Memahami Pengertian, Kewajiban, dan Cara Melakukan Puasa Qadha

Terkadang, ada saatnya seorang muslim tidak bisa menunaikan amalan wajib tepat pada waktunya.

Contohnya jika kamu adalah muslimah yang harus berhenti berpuasa Ramadhan karena tengah mengalami menstruasi.

Ketika ini yang terjadi, diwajibkan atasmu untuk melakukan puasa qadha, yaitu mengganti puasamu pada hari lain.

Ada tata cara yang harus diikuti untuk mengqadha puasa agar ibadah saummu sah dan kamu mendapatkan pahala yang sama dengan berpuasa pada bulan Ramadhan.

Yang termasuk dalam rukun-rukun tersebut di antaranya adalah bacaan niat puasa ganti dan waktu penunaiannya.

Pada umumnya, timbul pertanyaan-pertanyaan tentang rukun-rukun itu. Contohnya adalah bolehkah mengqadha puasa pada bulan Syakban yang amat mepet dengan Ramadhan?

Jika boleh, bagaimana hukumnya menggabungkan niat puasa qadha Ramadhan dan puasa sunah Syakban menjadi satu?

Jika diteruskan, kamu akan mendapati lebih banyak pertanyaan yang semisal dengan itu karena ragamnya persoalan yang dimiliki umat manusia.

Namun, hal tersebut dianggap wajar karena tidak semua orang mengetahui tata cara puasa qadha.

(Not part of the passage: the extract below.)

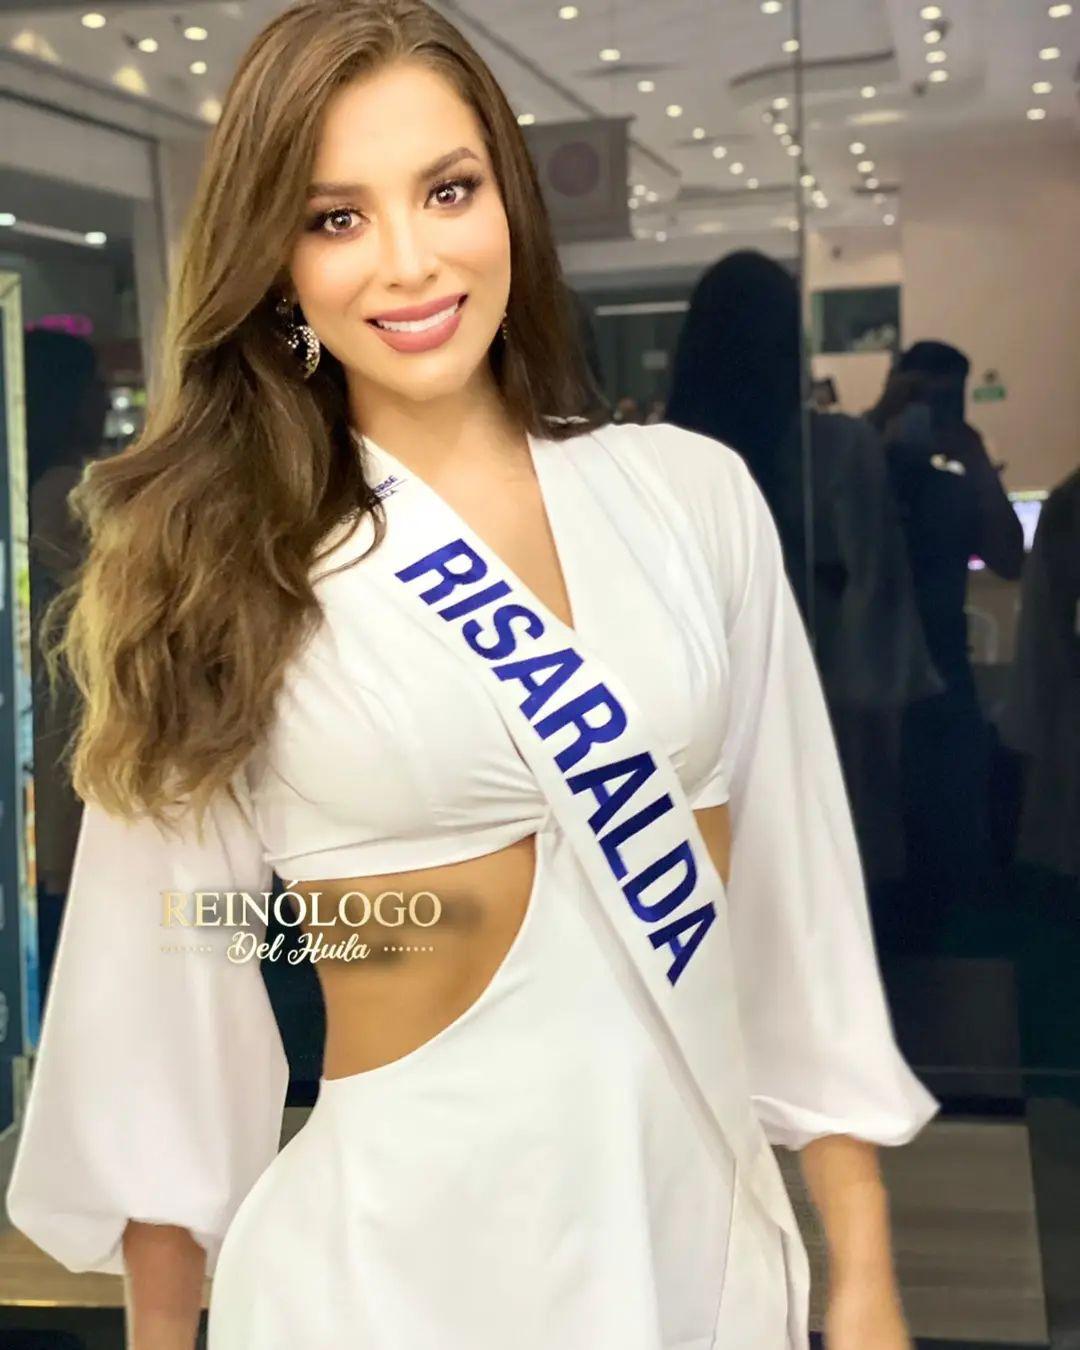 maria alejandra lopez perez, top 2 de miss universe colombia 2021/reyna hispanoamericana 2013/miss caraibes hibiscus 2014/miss colombia mundo 2015. - Página 4 24058013

Nah, Hasana.id akan membantu menjawab pertanyaan-pertanyaan tersebut dengan menghadirkan tulisan bergizi mengenai materi terkait.

Pengertian Qadha

Qadha merupakan kata dari bahasa Arab “qadhaa-un” yang memiliki makna ganda, yaitu “ketetapan Allah Swt. yang telah pasti dari masa azali” dan “penunaian”.

Kata “azali” sendiri berarti “sesuatu yang berkenaan dengan waktu dahulu” sehingga “masa azali” dapat dimaknai sebagai “masa lampau”.

Akar kata qadhaa-un adalah qadhaa yang berarti “memastikan”, “membayar”, “membuat”, “menunaikan”.

Makna qadha (qada) menurut Kamus Besar Bahasa Indonesia ada dua pula.

Makna yang pertama adalah “hukum, ketentuan, peraturan, yang bersumber dari Allah Swt.”, sedangkan yang kedua adalah “penunaian ibadah wajib di luar waktu yang sudah ditetapkan”.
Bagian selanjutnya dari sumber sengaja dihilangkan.